MECHANISMS OF ACTION

Transcranial magnetic stimulation (TMS)

TMS is based on the principle of electromagnetic induction by an electric current passing through a coil. In contact with conductive tissues (such as the brain), the generated magnetic field induces a secondary electric field.10 Unlike that of a static magnet, the magnetic field generated by the TMS device is variable within milliseconds, which leads to the induction of an electric field in the region under the coil. The magnetic field passes through the skin, bone, and fat (tissues with low electrical conductivity) essentially without resistance and with little deflection, which ensures that the induced current is relatively focal. However, there is a decline in intensity with increasing distance from the center of the coil, which causes the magnetic field (and induced current) to have relatively small penetration.10

The magnetic fields are produced with flux lines perpendicular to the plane of the coil. Within 0.1-0.6 ms, the field reaches a magnetic flux density comparable to that of the static field of a magnetic resonance imaging (MRI) coil, i.e., 1.5-3 Tesla. In a circular coil, the magnetic field is more concentrated on the internal periphery of the coil, with virtually no induced current at the center.

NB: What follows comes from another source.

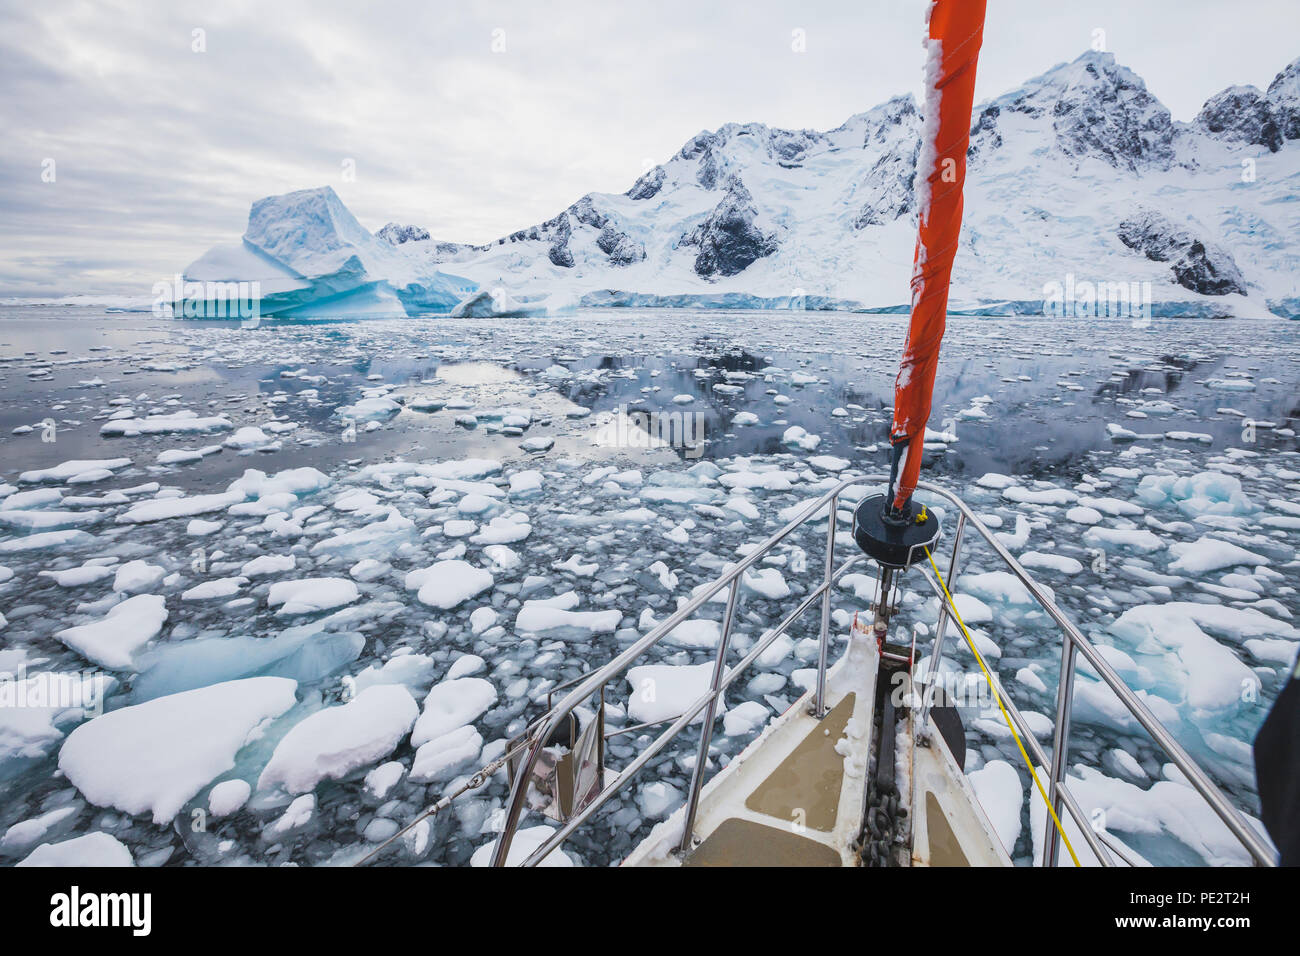 Bateau à voile en Antarctique, location de la navigation à travers les icebergs et de la glace de mer Banque D'Images

The figure-of-eight coil is, in turn, more focal, with the sum of the field lines induced by each loop producing a more intense magnetic field at the center of the figure-eight. The secondary electric current induced in neurons is produced perpendicularly to the magnetic field, i.e., parallel to the plane of a flat-shaped coil.10

The effects of a single pulse of TMS on the motor cortex are usually measured using electromyography (EMG)-based motor evoked potentials (MEP). Each TMS pulse indiscriminately stimulates all neurons in the region where the stimulus is produced. However, depending on the depolarization threshold, orientation, and proximity of the coil, they may or may not fire. Stimulation of cortical-spinal pyramidal neurons when firing may produce direct waves (D waves), which are the first to be generated and of greater amplitude. Stimulation of interneurons generates indirect waves (I wave), which appear at regular intervals and with a smaller amplitude after the D wave. Different pulse intensities and coil positions may evoke different D-wave and I-wave patterns.10

The excitatory and inhibitory effects of rTMS are hypothesized to be long-term potentiation (LTP)- and long-term depression (LTD)-like. LTP and LTD are two mechanisms of synaptic plasticity that involve several biological phenomena and ultimately lead to synaptic strengthening (LTP) or weakening (LTD) (i.e., an increase or decrease in synaptic efficiency). The similarities between the effects of rTMS and LTP/LTD include: 1) rTMS induces effects beyond the period of stimulation; 2) the temporal pattern of stimulation is important for the direction of the effect; 3) the effects of rTMS depend on the prior activity of the neural network; 4) rTMS is involved in the expression of brain-derived neurotrophic factor (BDNF) and c-fos, molecules associated with LTP; 5) the effects of rTMS are inhibited by blockade of N-methyl-D-aspartate (NMDA) receptors; and 6) the effects of rTMS are associated with BDNF polymorphisms.11,12

Usually, rTMS is considered excitatory when using high-frequency protocols (HF) (≥ 10 Hz) or intermittent theta-burst stimulation (iTBS), and inhibitory when using low-frequency (LF) (≤1 Hz) protocols or continuous theta-burst stimulation (cTBS). However, these assumptions are rules of thumb and need to be experimentally verified for single applications. The clinical effects of rTMS are also influenced by the number of sessions, session length, intensity of the pulses (indexed according to the subject's motor threshold), the intervals between pulses and trains, number of sessions, session length, method used to position the coil, coil shape, and other factors.13

Transcranial direct current stimulation (tDCS)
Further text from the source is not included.